168  Default value: <empty string>
169 
170 @subsection dwx_path_perception_sample_examples Examples
171 
172 #### To run the sample on Linux
173 
174  ./sample_path_perception --video=<video file.h264> --detectionThreshold=<floating-point number in (0,1)>
175 or
176 
177  ./sample_path_perception --video=<video file.raw> --detectionThreshold=<floating-point number in (0,1)>
178 
179 #### To run the sample on an NVIDIA DRIVE platform with cameras:
180 
181  ./sample_path_perception --input-type=camera --camera-type=<camera_type> --camera-group=<camera_group> --detectionThreshold=<floating-point number in (0,1)>
182 
183 where `<camera type>` is a supported `RCCB` sensor.
184 See @ref supported_sensors for the list of supported cameras for each platform.
185 
186 @note Path perception sample directly resizes video frames to the network
187 input resolution. Therefore, to get the best performance, it is suggested to
188 use videos with similar aspect ratio to the demo video. Or you can set Region
189 of Interest (ROI) to perform inference on a sub-window of the full frame.
190 
191 @section dwx_path_perception_sample_output Output
192 
193 PathNet creates a window, displays a video, and overlays a collection of polylines for each detected path.
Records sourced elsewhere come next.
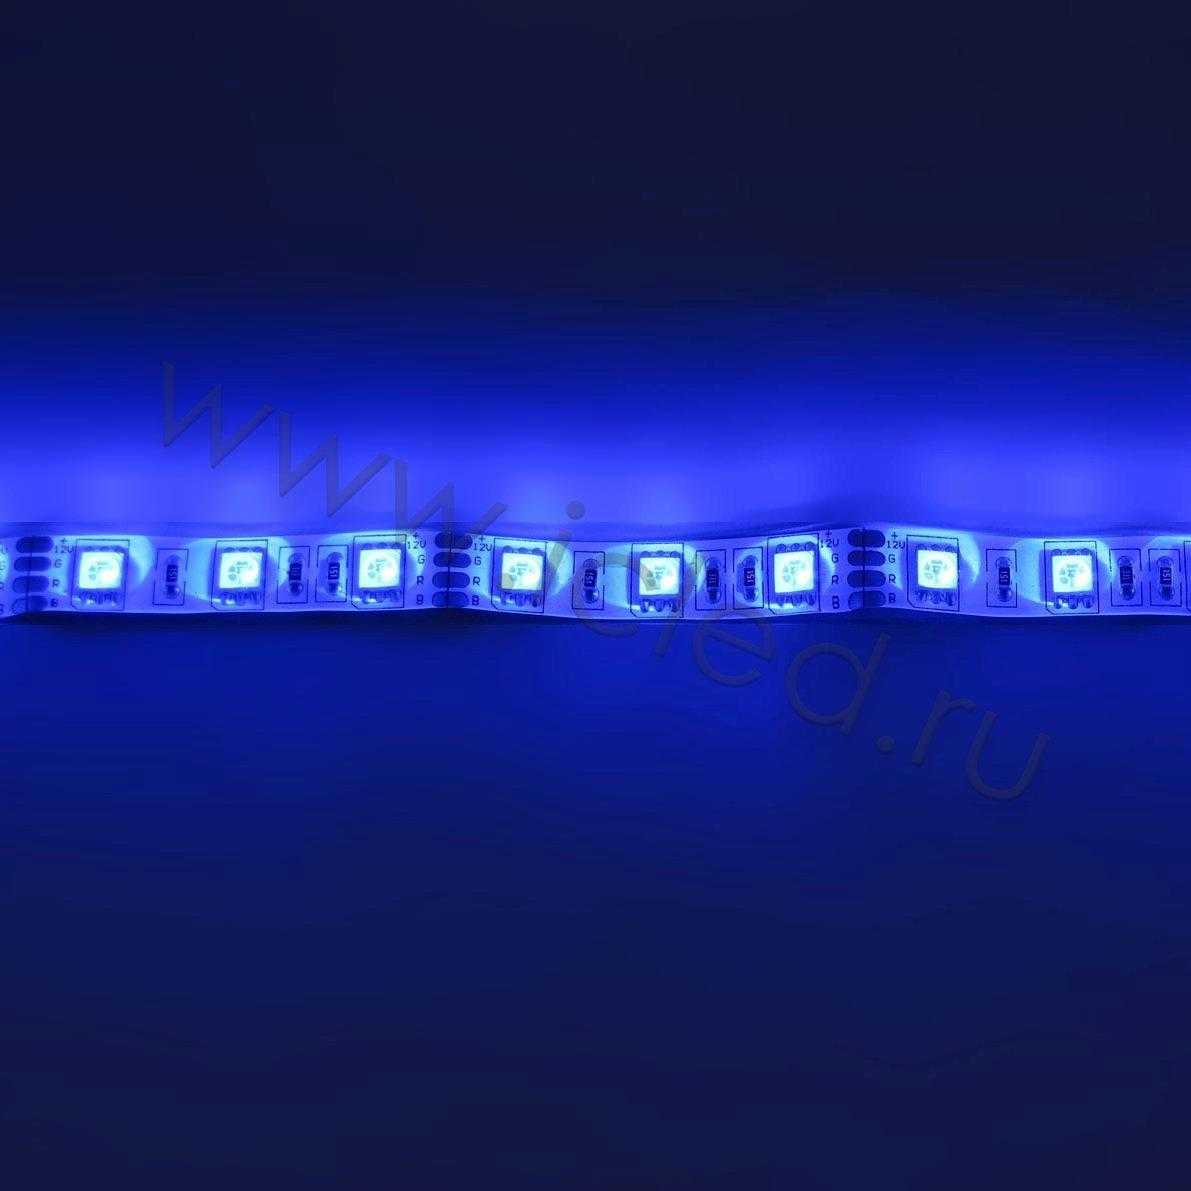 Влагозащищенные светодиодные ленты Светодиодная лента Standart class, 5050, 60led/m, RGB, 12V, IP65 Icled
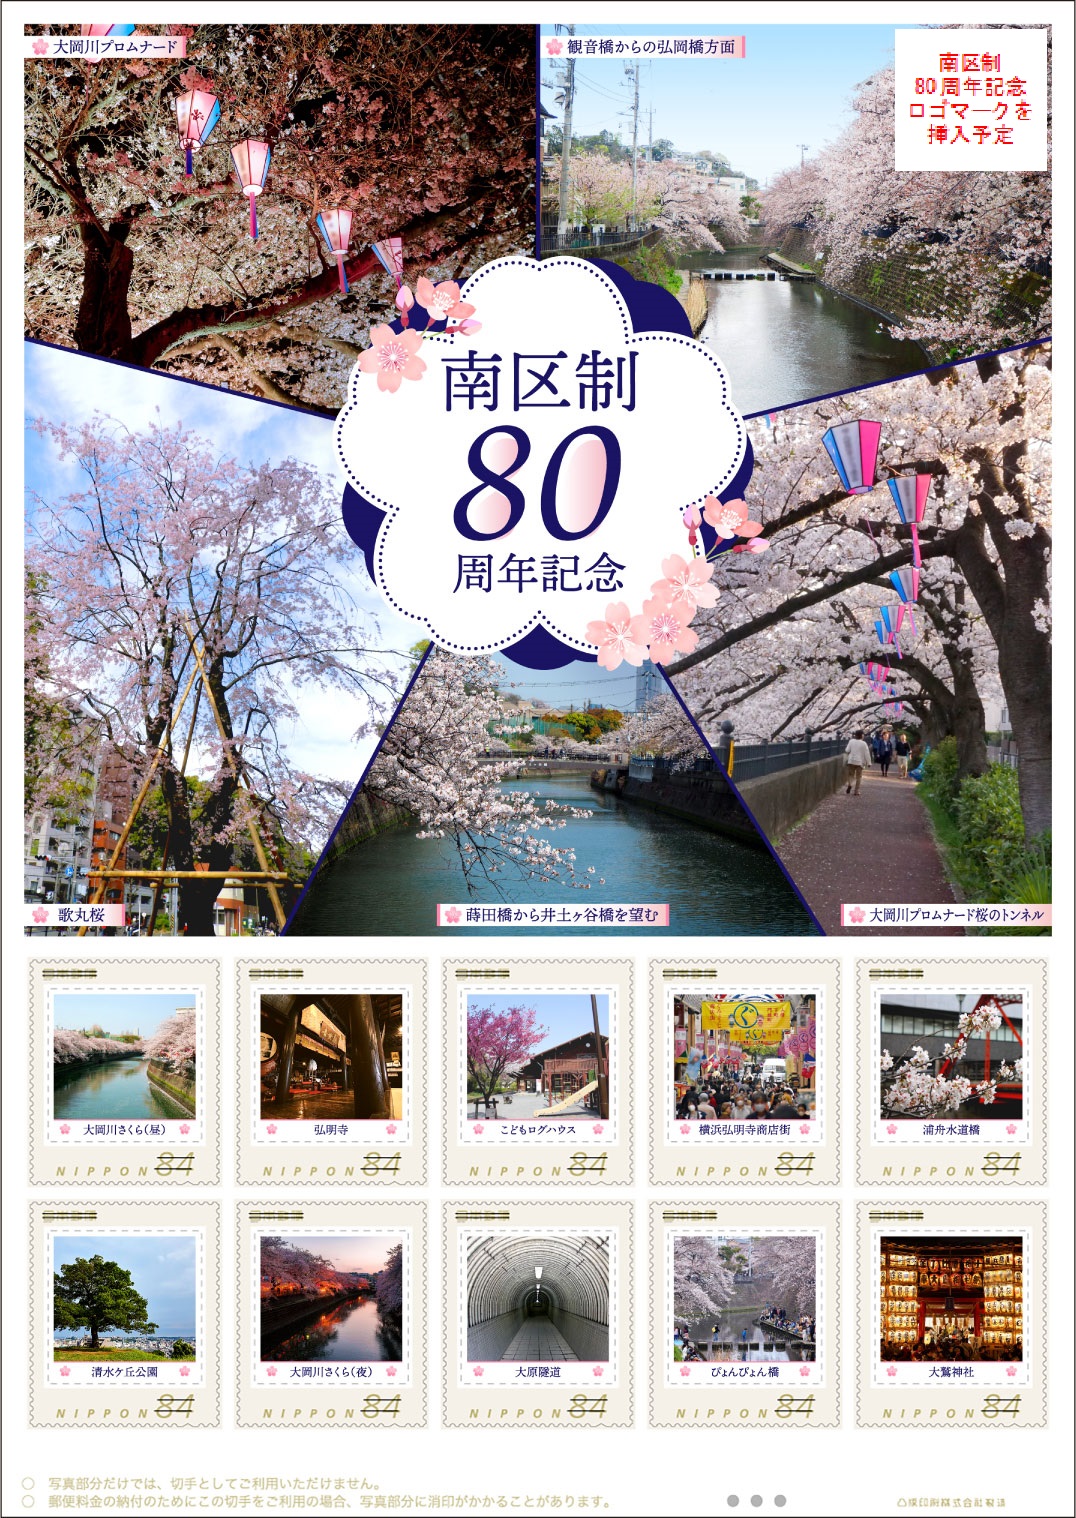 オリジナル フレーム切手 横浜市「南区制80周年記念」の販売開始と贈呈式の開催
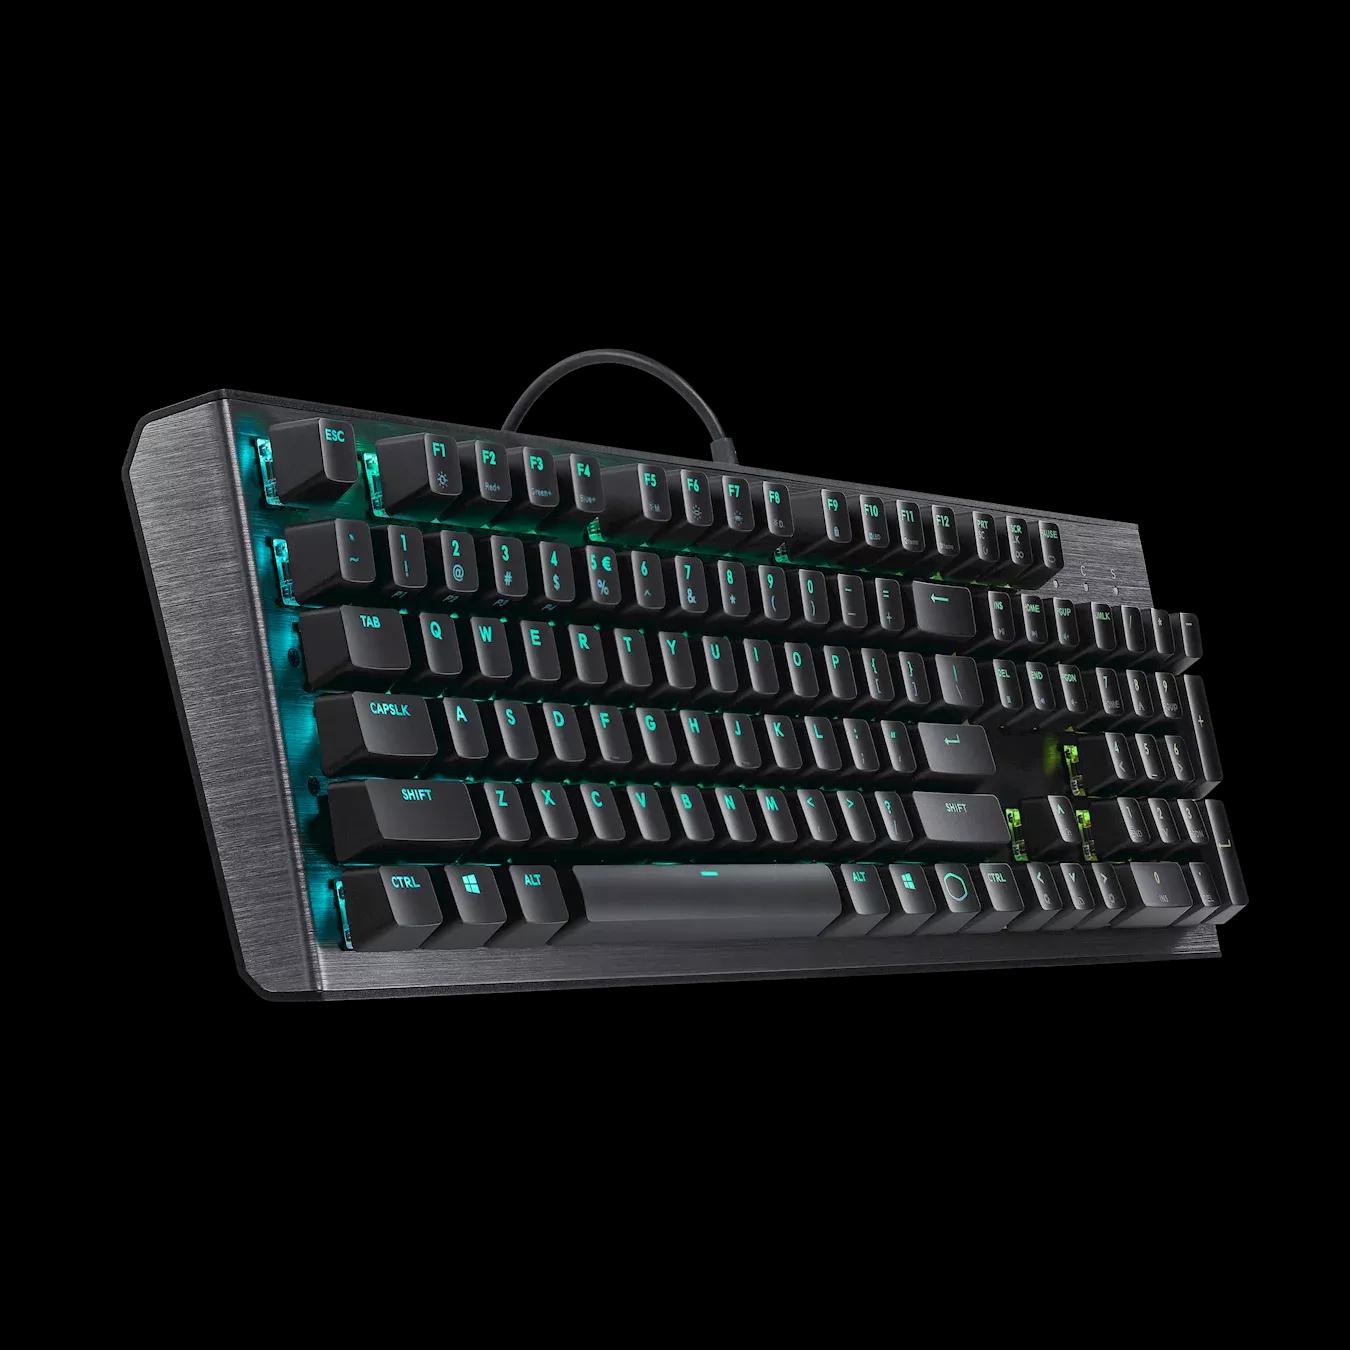 Cooler Master CK550 Full RGB Mechanical Gaming Keyboard
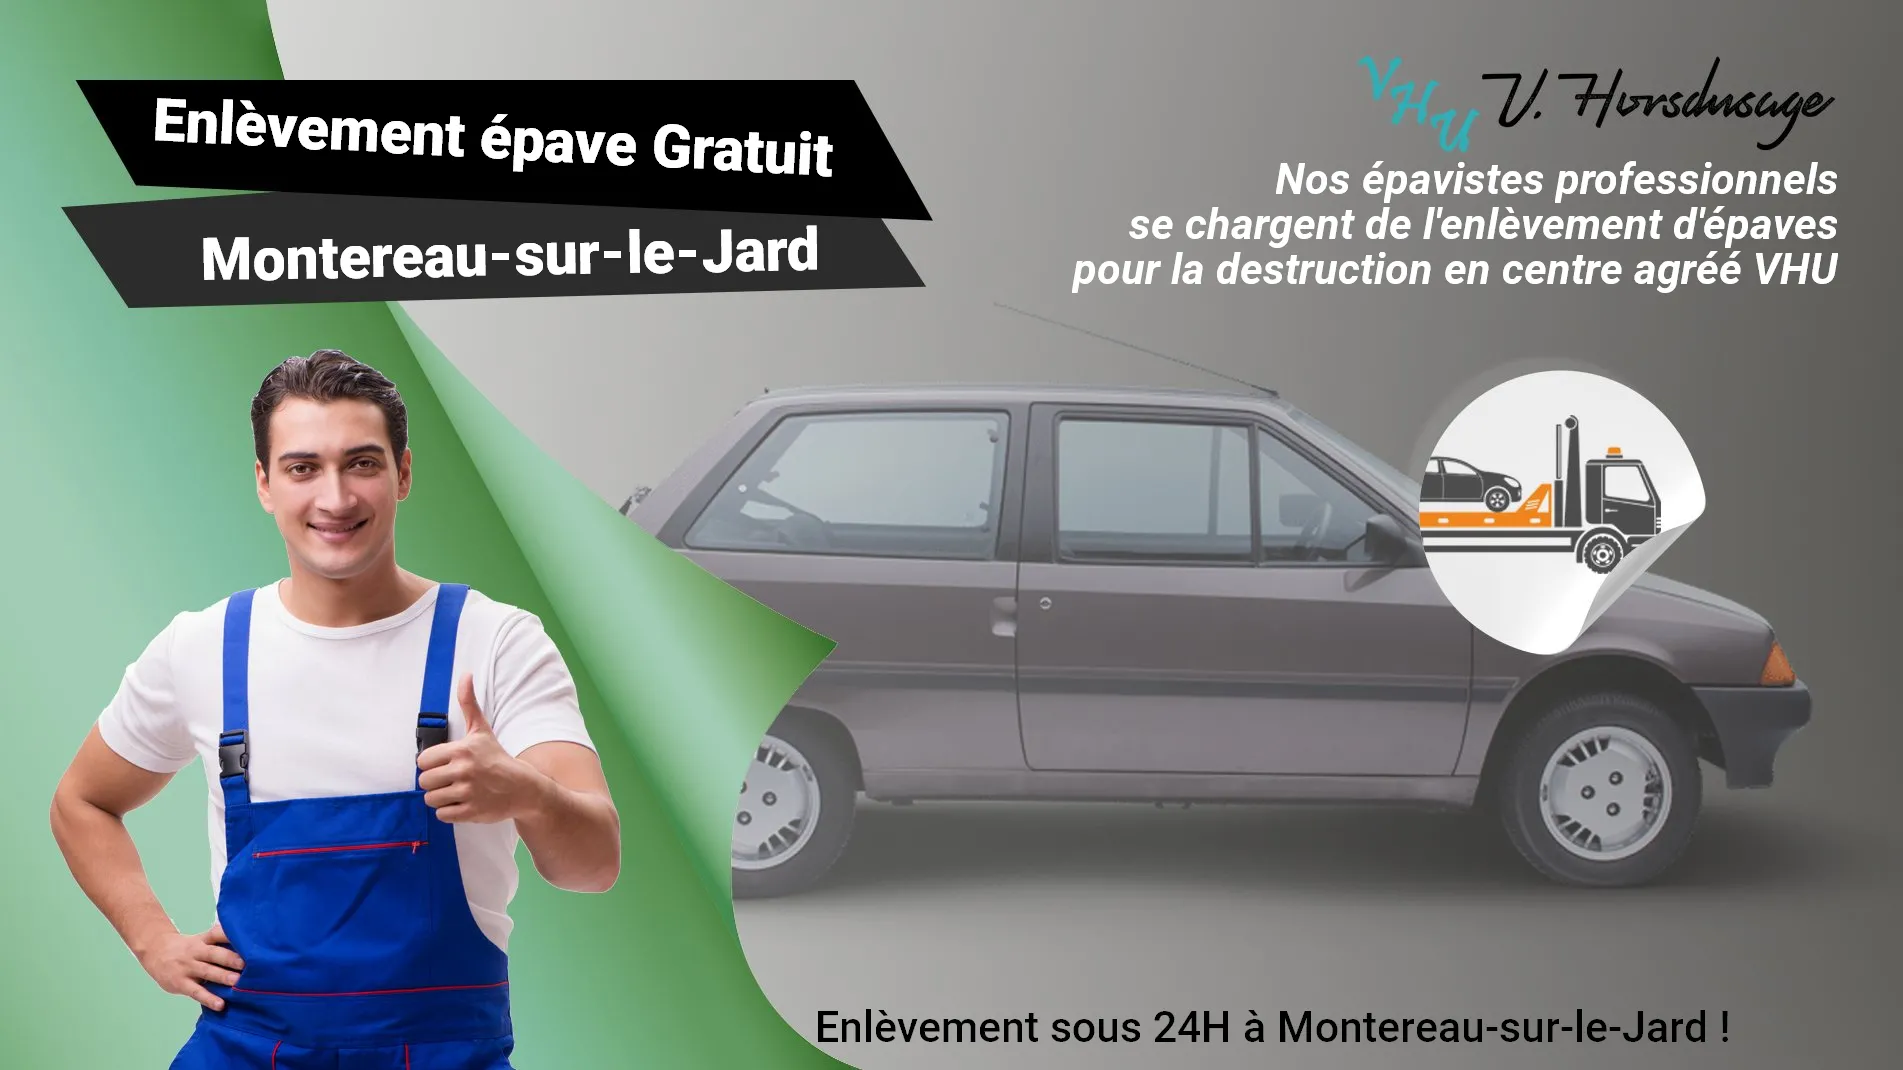 Pour un enlèvement gratuit à Montereau-sur-le-Jard, contactez nos épavistes agréé VHU

194 The path center line is displayed as a thick polyline, with its lateral extent shown as thin polylines.
195 
196 The colors of the polylines represent the path marking position types and the path attribute that
197 it detects, as follows:
198 
199 - DarkRed: Ego path, alternate color : Red
200 - Blue: Left adjacent path, alternate color: LightBlue
201 - Green: Right adjacent path, alternate color: LightGreen
202 - Dark Red: Ego path fork-left
203 - Purple: Ego path fork-right
204 - Dark Green: Right adjacent path fork-right
205 - Dark Blue: Left adjacent path fork-left
206 - White: Opposite traffic direction
207 
208 Note that the alternate colors are not used. In cases, where we need to render multiple overlapping
209 paths, we can use the alternate color set for constrast.
210 
211 ![Path Detection Sample](doc/images/sample_path_detection.png)
212 ![Path Detection With Opposite Traffic Sample](doc/images/sample_path_detection_with_opposite_traffic.png)
213 
214 @section dwx_path_perception_sample_more Additional Information
215 
216 For more details see @ref pathperception_mainsection_pathdetector.